To make things more complicated, these "loops" in invoices can be nested.
For example, there is a an array element ubl:Invoice/cac:AllowanceCharge
on the document level. But you also have an element
ubl:Invoice/cac:InvoiceLine/cac:AllowanceCharge
(and there is even one on
the price level). How would you structure that in the spreadsheet? We
assume that the allowance or charge come from column H
and the line
extension amount from column I
and the section column is K
. Your
spreadsheet should then look like this:
Row | ... | H | I | J | K |
---|---|---|---|---|---|
20 | 120.00 | Line | |||
21 | 3.05 | ACLine | |||
22 | 75.50 | Line | |||
23 | 180.00 | Line | |||
24 | 1.23 | ACLine | |||
25 | |||||
26 | 7.50 | ACLine | |||
27 | Footer |
This invoice has three line items starting on rows 20, 22, and 23.
The first line has a line extension amount of 120.00 and a charge or allowance
of 3.05. Note that you must always use positive values. The sign is derived
from the element cbc:ChargeIndicator
.
The second line has a line extension amount of 75.50 and not charges or allowances. The third line has an amount of 180.00 and two charges or allowances of 1.23 and 7.50.
Wherever you have a row marked "Line" one cac:InvoiceLine
section starts. It
ends before the next row marked "Line" or the end of the sheet. On that level,
only rows inside that range are considered, and that maybe even nested.
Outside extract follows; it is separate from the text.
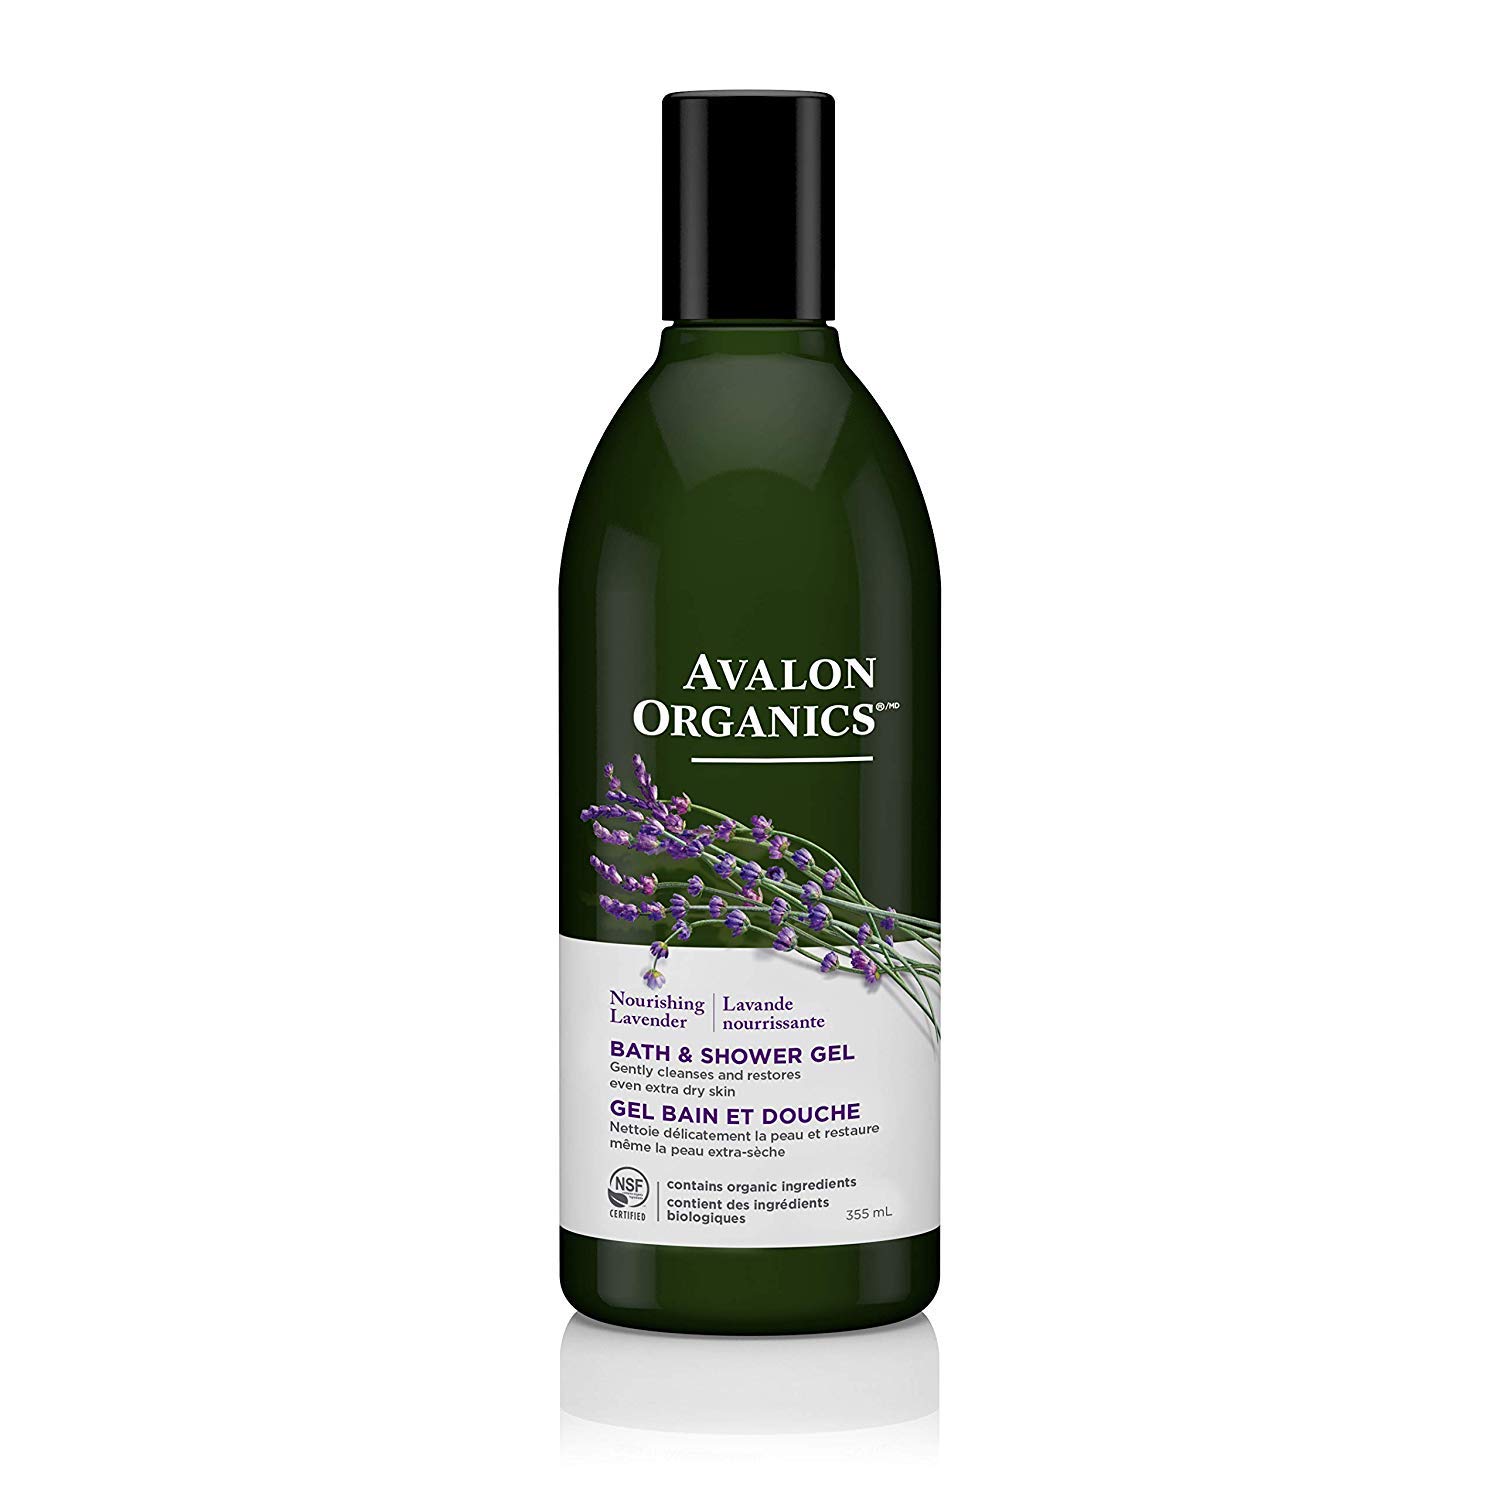 Avalon Organics Bath & Shower Gel, Nourishing Lavender, 12 Oz

For
example, row 25 is part of the first ACLine
section of the second Line
section.
One gotcha is the last Line
section starting in row 23. Since there is no
other section marker following, that Line
section spans until the last row
of the sheet. If you chose to name your AllowanceCharge
section all the
same on all levels, for example AC
, then they would be consumed by the
last Line
section and you would not be able to add allowances or charges
on the document level, following the last Line
.
The takeaway is: Use different section names for different nesting levels even if they refer to the same thing.
By the way, if you know that your invoices always contain just one line item, there is no need for making the references dynamic. But are you sure that you will really never invoice more than one item? And what about charges and allowances? At the end of the day, having these dynamic references is not terribly difficult.
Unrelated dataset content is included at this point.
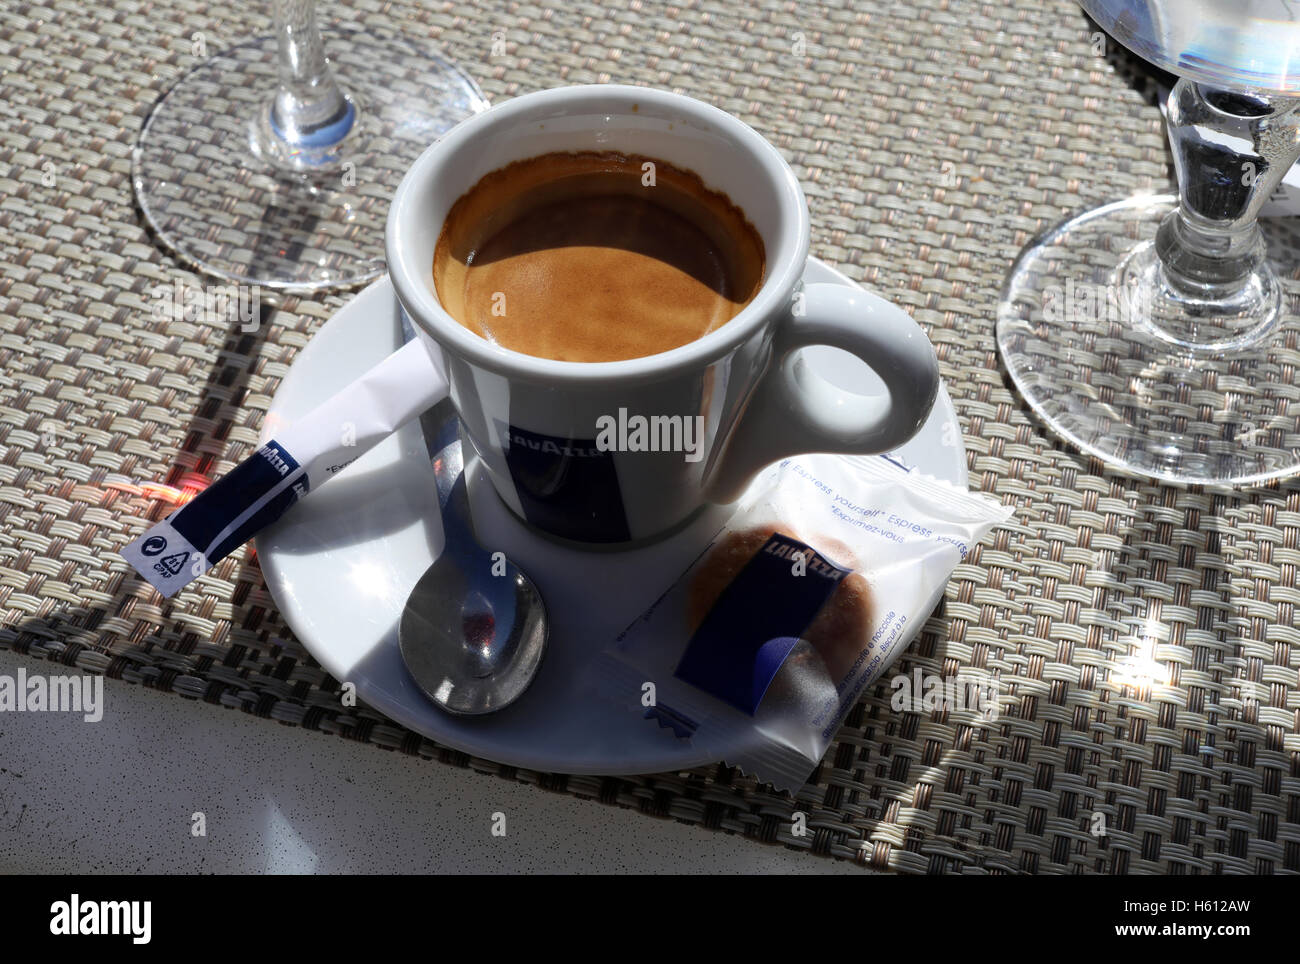 espresso cafe coffee French balck Lavazza branded cup sugar Stock Photo -  Alamy

Cell references consist of one or more uppercase characters A-Z
followed by
one decimal digit 1-9
followed by any number of decimal digits 0-9
. You
know this from your spreadsheet application.
Are you joking? Formulas are not supported in the mapping. But you can just use them in the spreadsheet because the extractor picks up the result of the formular, not the formula itself.
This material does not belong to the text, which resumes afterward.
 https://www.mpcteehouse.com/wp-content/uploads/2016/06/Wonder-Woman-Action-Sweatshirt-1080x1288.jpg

Some elements are arrays although this will often be surprising. For example,
the element [/ubl:Invoice/cac:TaxTotal
] is an array with 1-2 elements. But
you will almost always have just one element here. In this case, there is
no need for a section, you can simply omit the section
property. You will
probably be using this feature without even noticing it.
The directory contrib/templates
contains examples for spreadsheets. The
directory resources/mappings
contain the corresponding mappings for these
spreadsheets. They will be eventually commented.